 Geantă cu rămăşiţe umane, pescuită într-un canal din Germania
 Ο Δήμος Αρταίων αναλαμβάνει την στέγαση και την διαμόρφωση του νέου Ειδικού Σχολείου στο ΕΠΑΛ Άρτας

= = =

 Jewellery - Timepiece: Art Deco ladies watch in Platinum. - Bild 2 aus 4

= = =

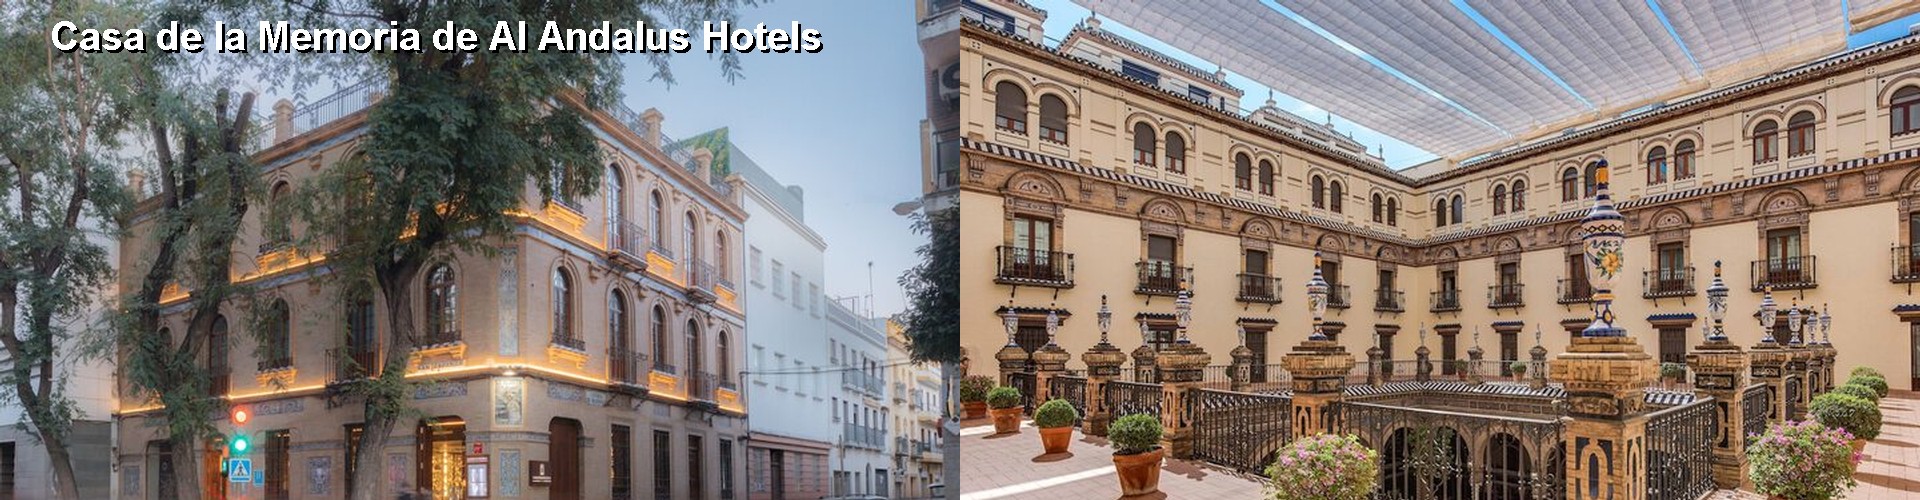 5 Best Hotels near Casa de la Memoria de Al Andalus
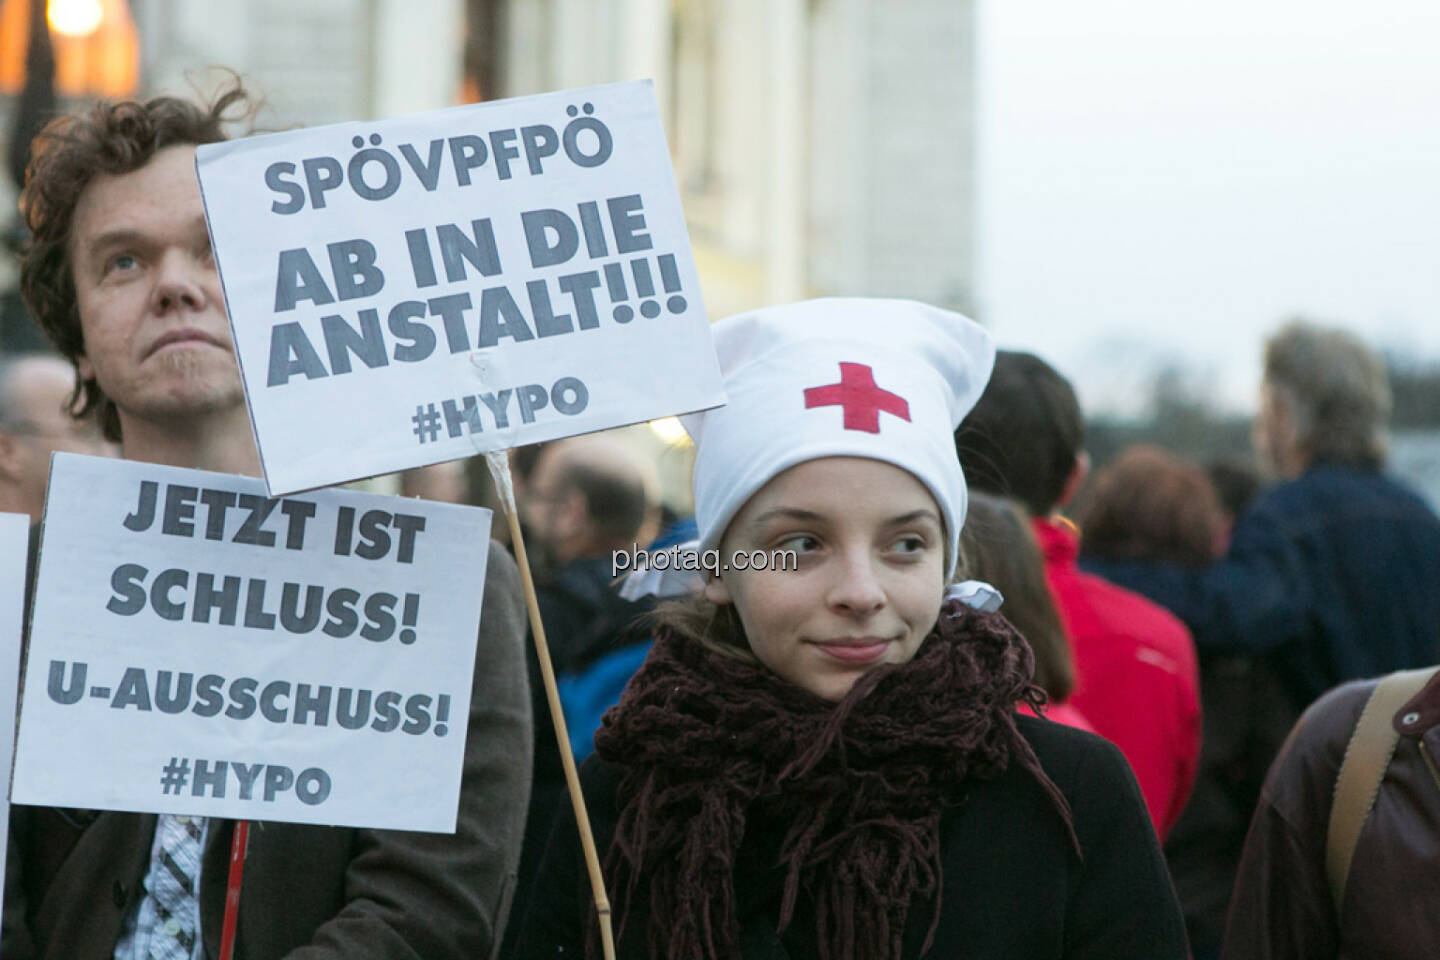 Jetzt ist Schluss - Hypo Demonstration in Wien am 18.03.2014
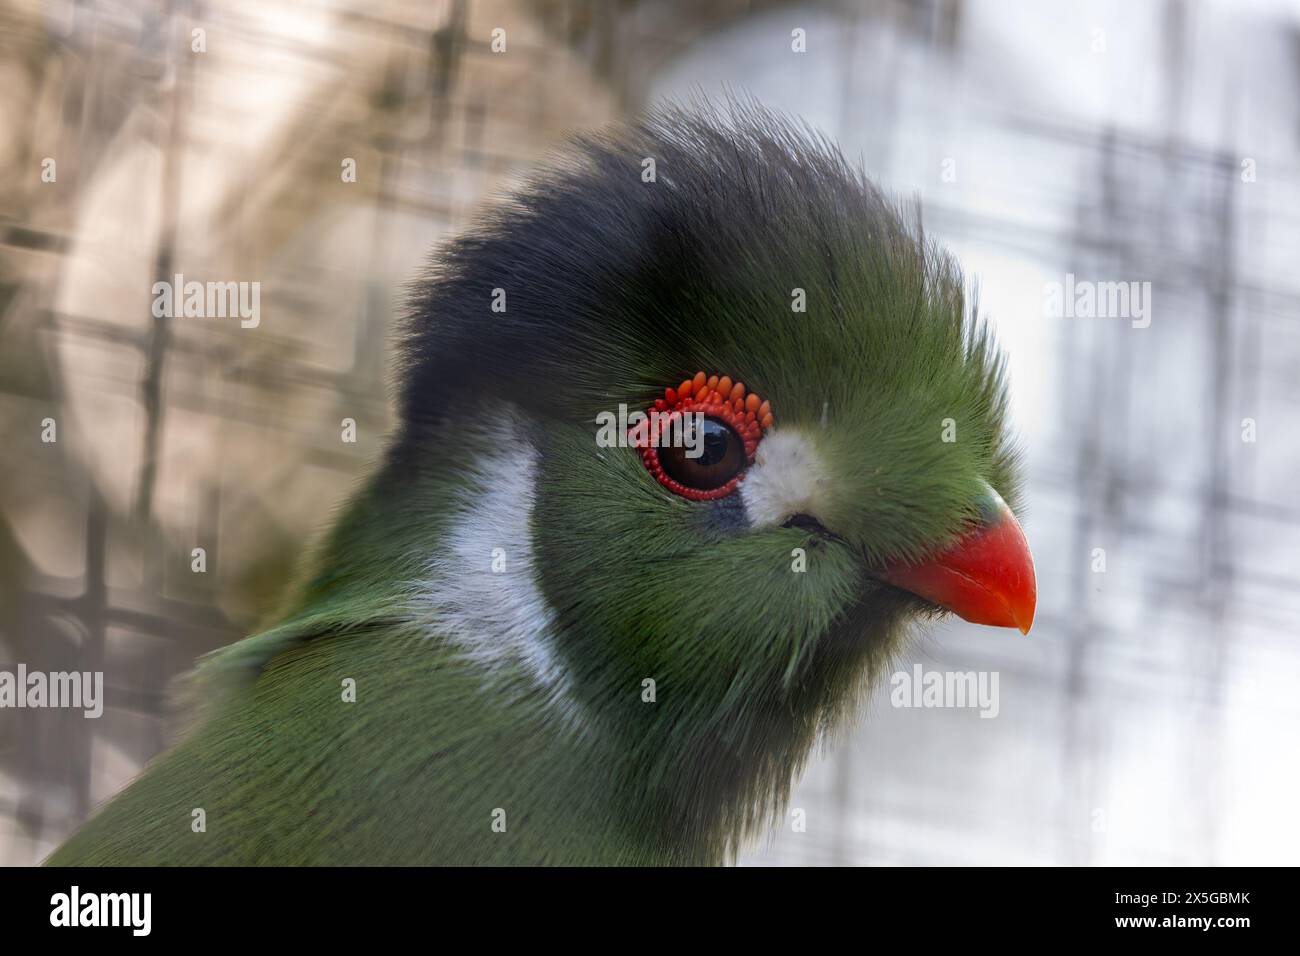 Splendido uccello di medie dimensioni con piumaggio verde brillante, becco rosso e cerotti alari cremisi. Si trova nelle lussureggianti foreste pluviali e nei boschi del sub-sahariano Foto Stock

= = =

:: Problem to work on ::
Copy, exactly and only, the lines above that begin with the one containing "Geantă cu rămăşiţe" and finish with the one containing "Ο Δήμος Αρταίων".

:: Task output ::
 Geantă cu rămăşiţe umane, pescuită într-un canal din Germania
 Ο Δήμος Αρταίων αναλαμβάνει την στέγαση και την διαμόρφωση του νέου Ειδικού Σχολείου στο ΕΠΑΛ Άρτας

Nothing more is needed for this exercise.